AVAILABLE DATA ▸
══════════════════════════════

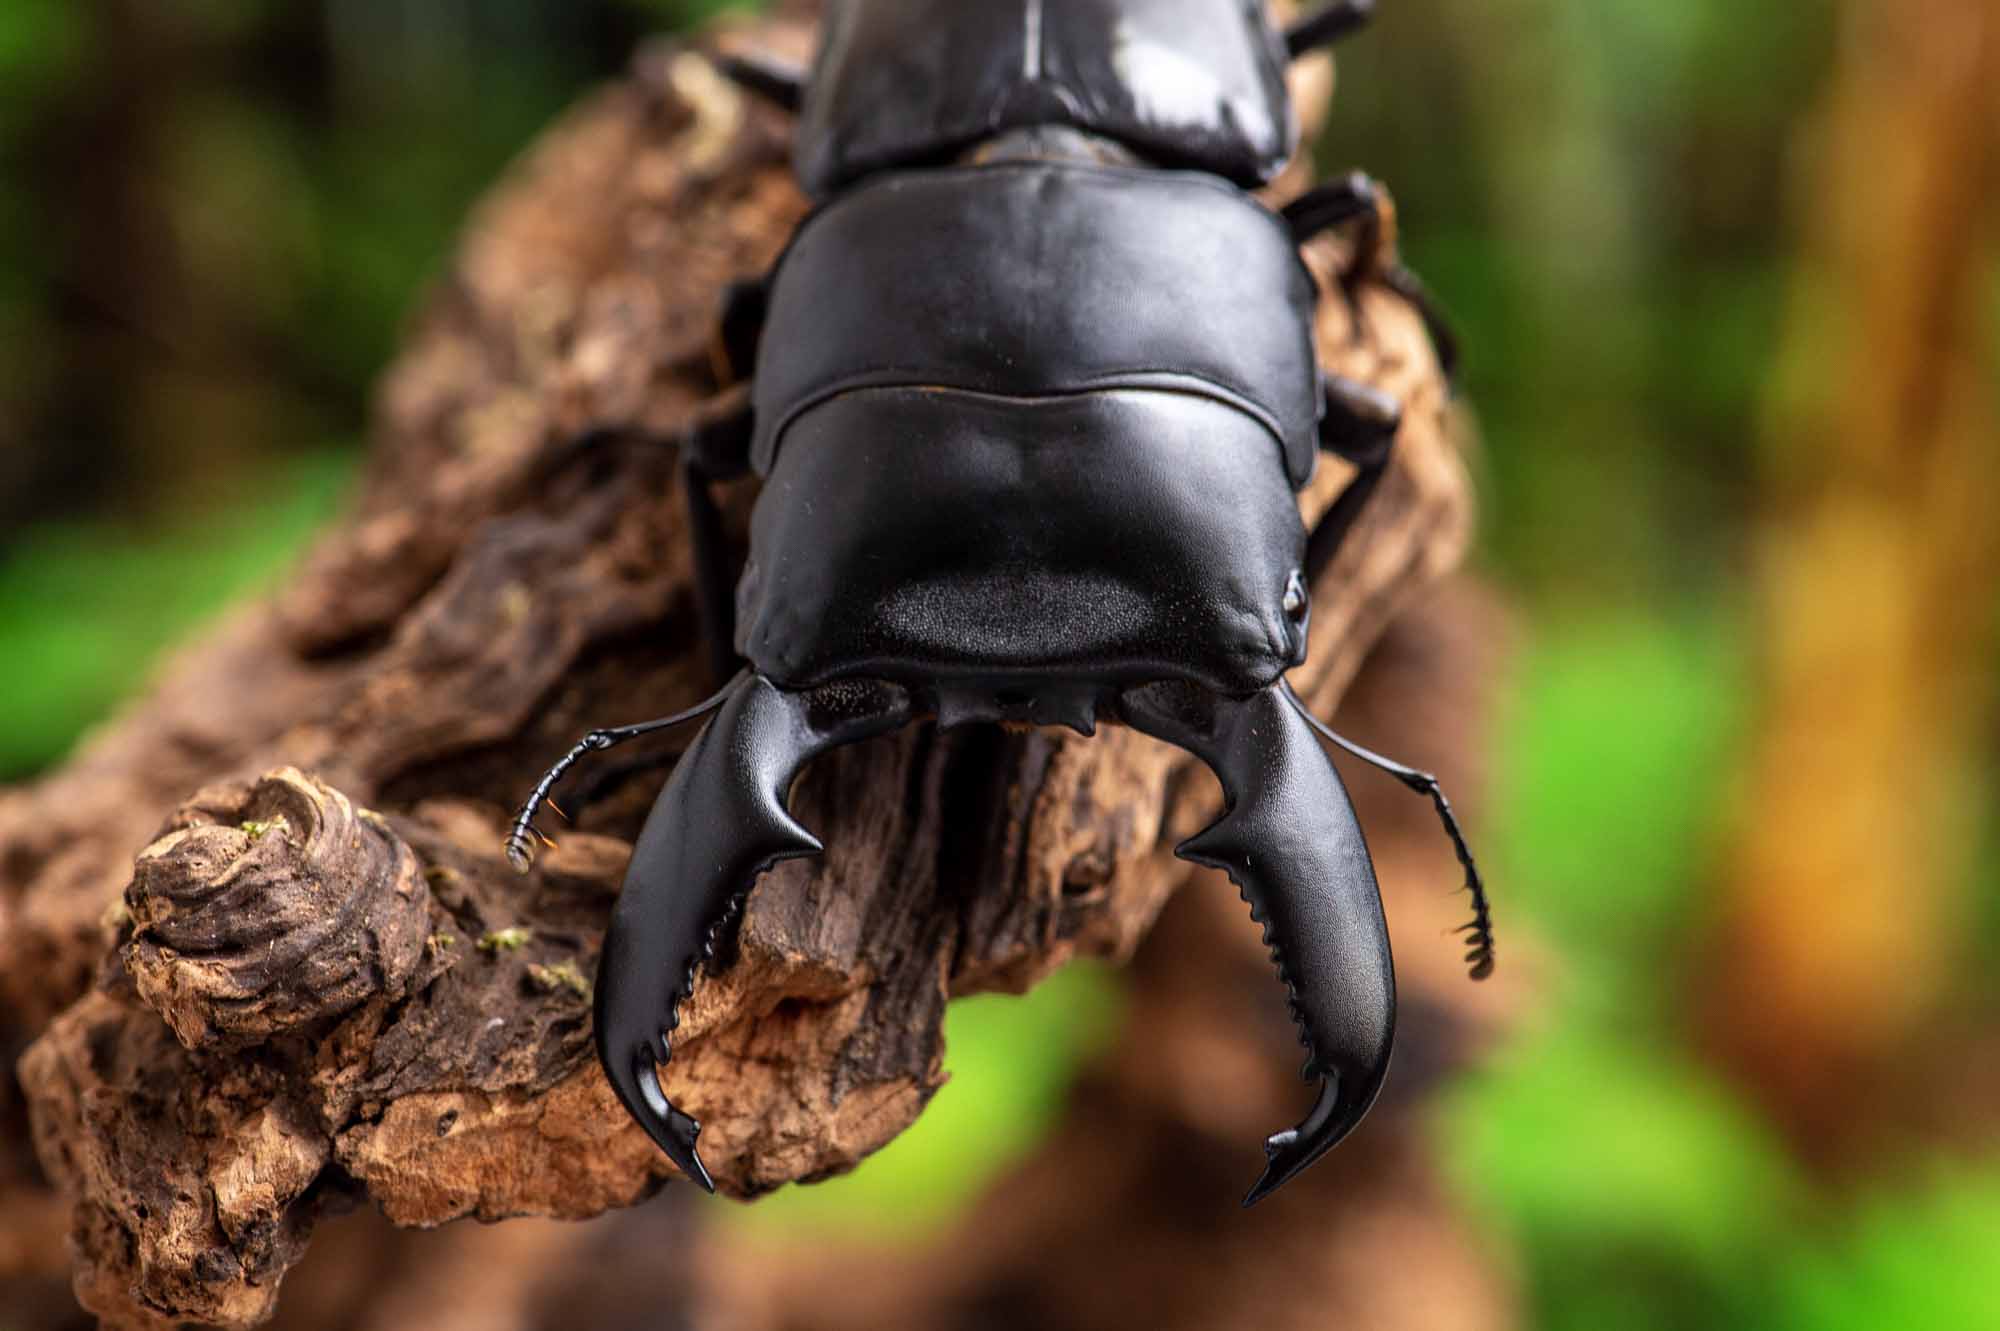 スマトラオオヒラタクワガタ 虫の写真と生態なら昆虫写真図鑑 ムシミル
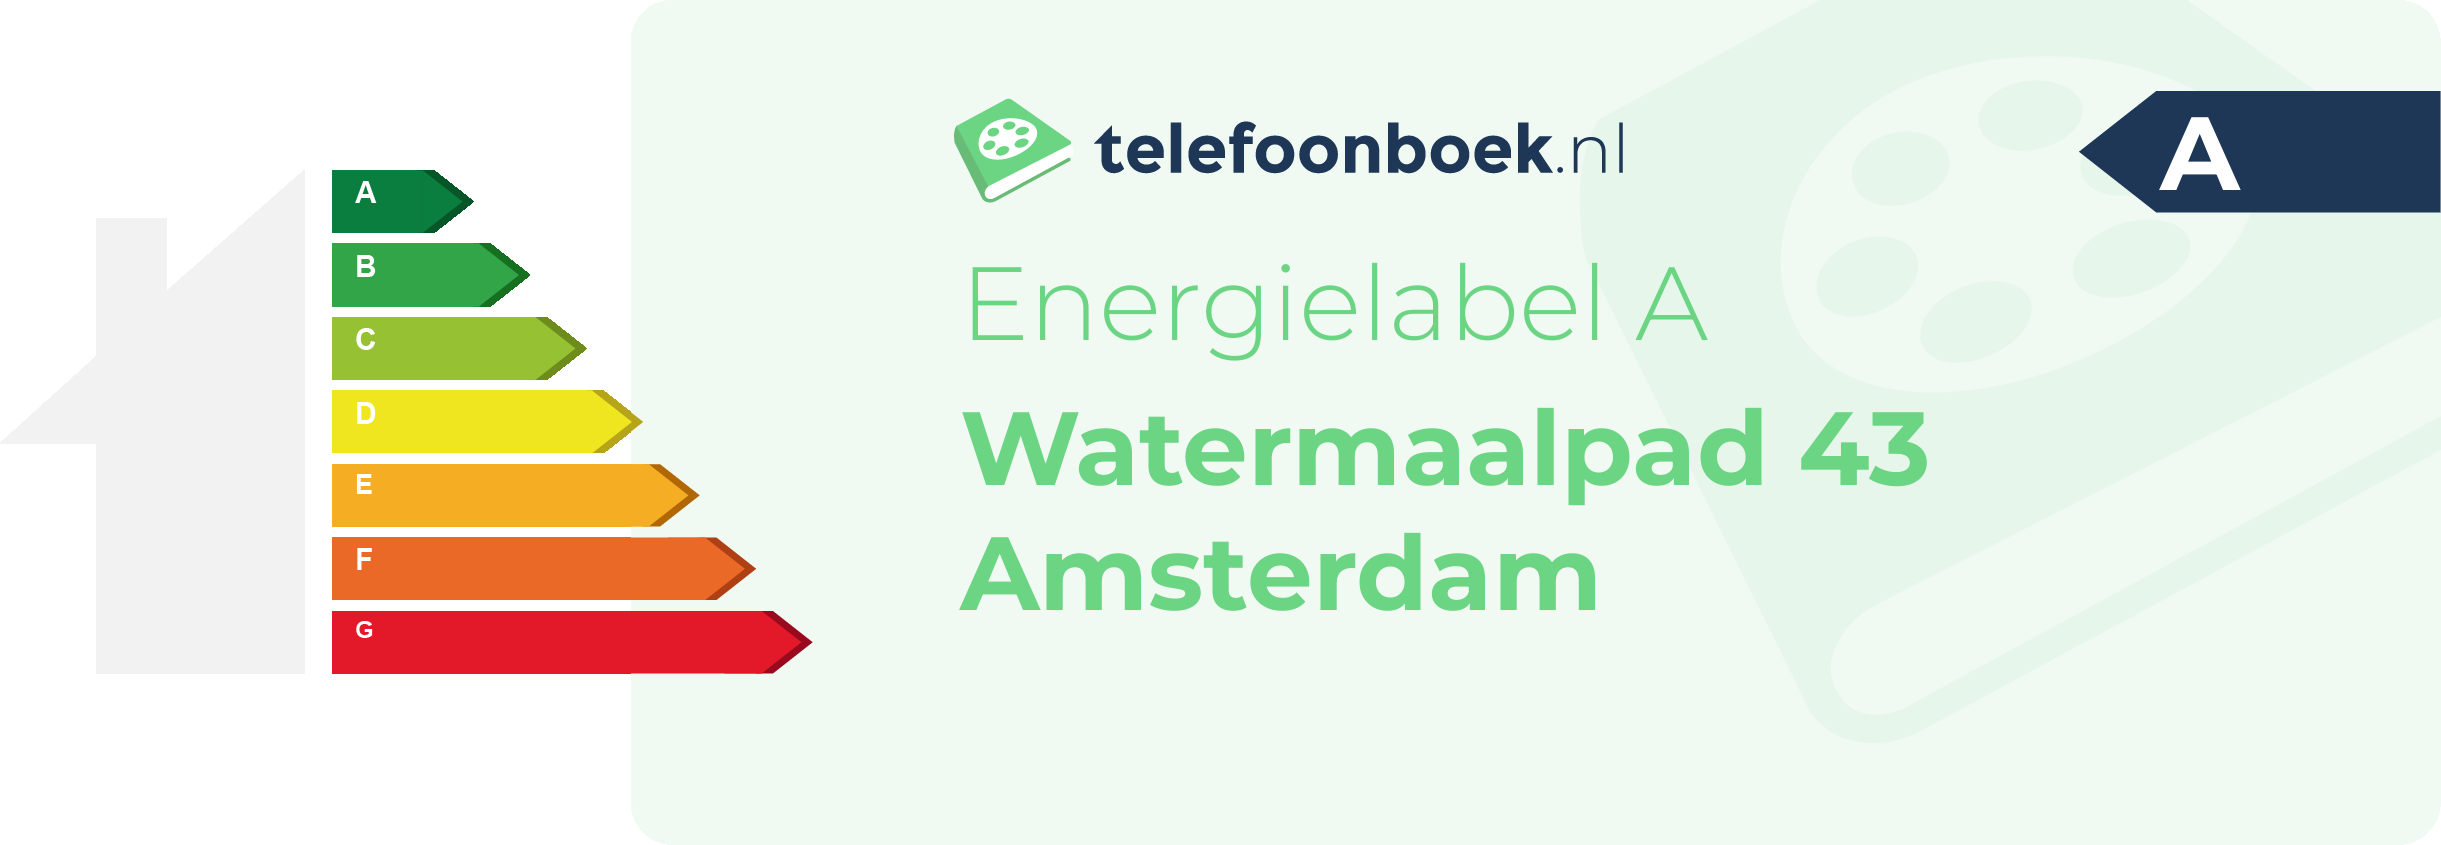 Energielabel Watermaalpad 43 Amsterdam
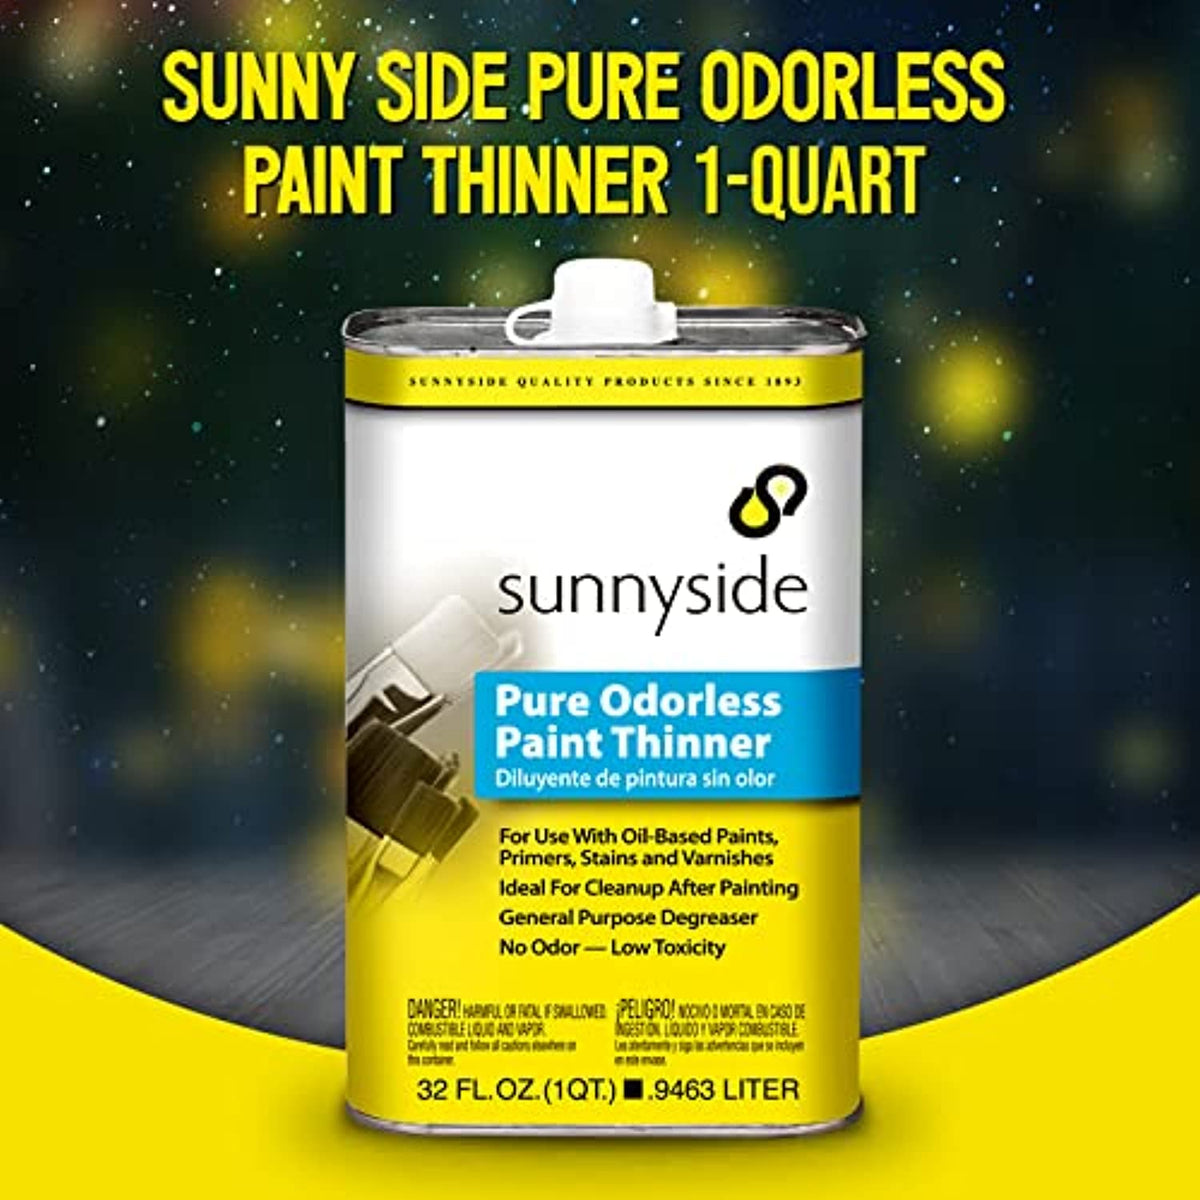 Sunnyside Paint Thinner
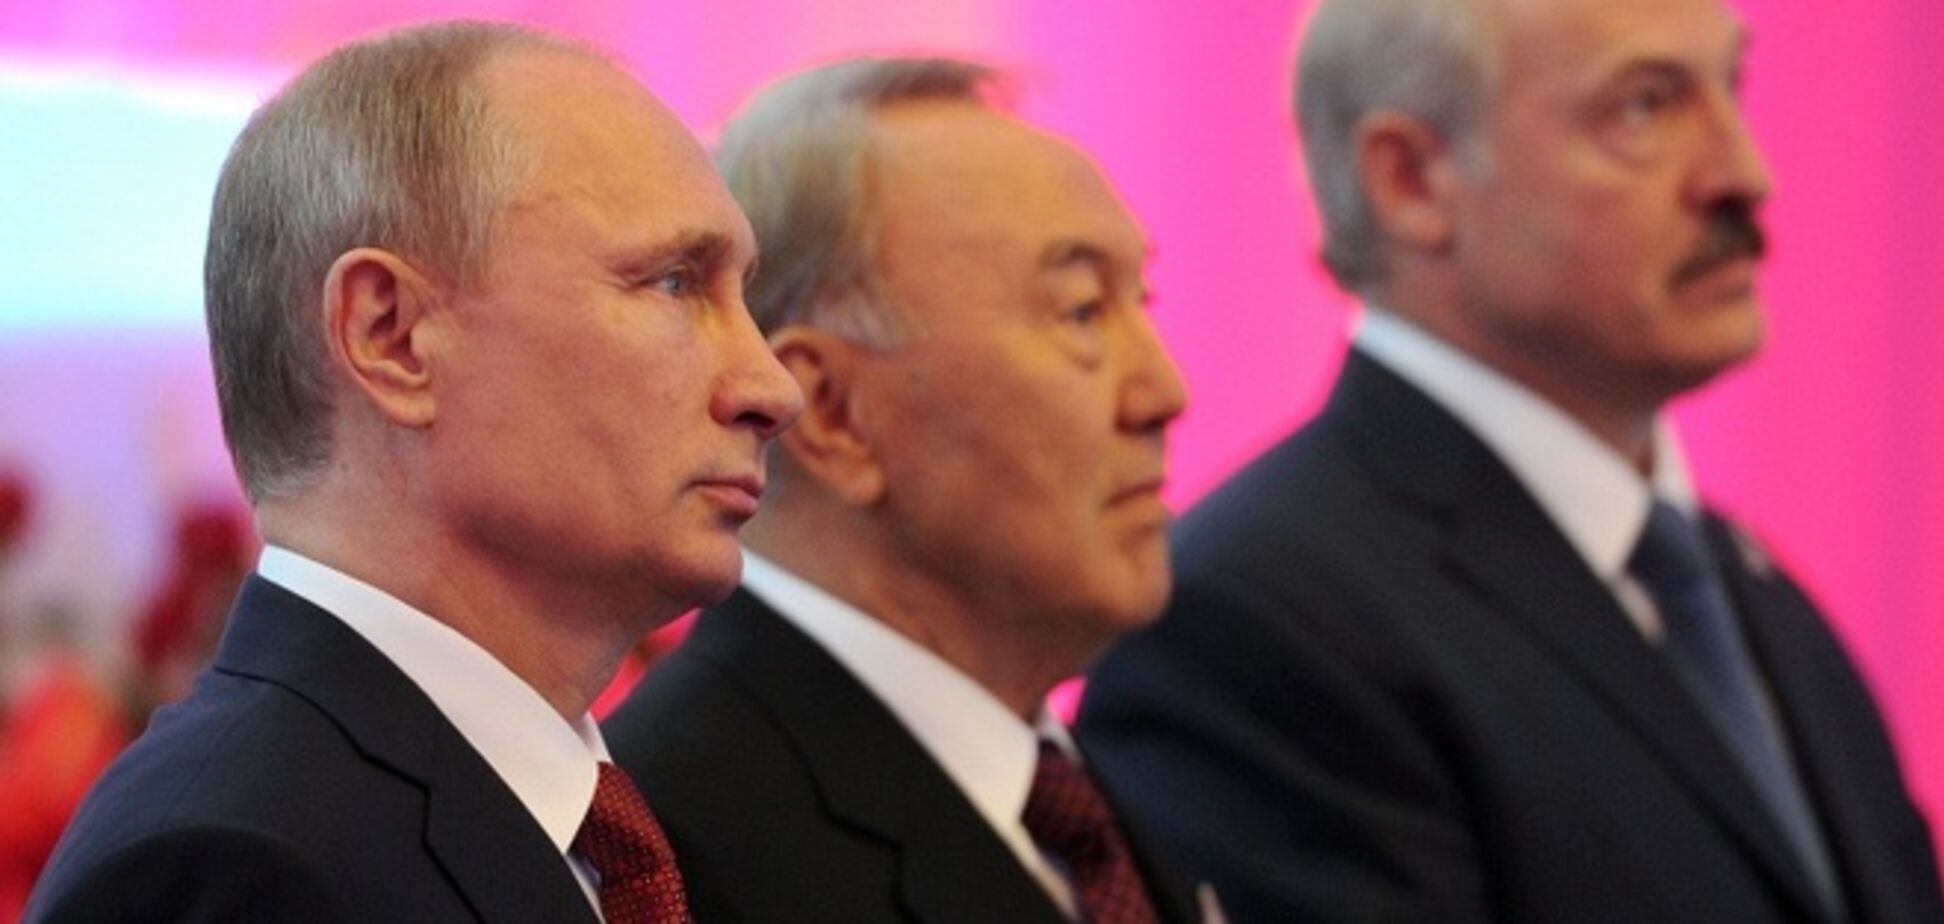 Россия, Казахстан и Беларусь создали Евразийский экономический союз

══════════════════════════════

DIRECTIONS FOR THIS TASK ▸
Your answer should be the lines above from the one that contains "Sunnyside Paint Thinner" through the last, set down exactly, with the pictures removed.

WORKED SOLUTION ▸
 Sunnyside Paint Thinner
 Россия, Казахстан и Беларусь создали Евразийский экономический союз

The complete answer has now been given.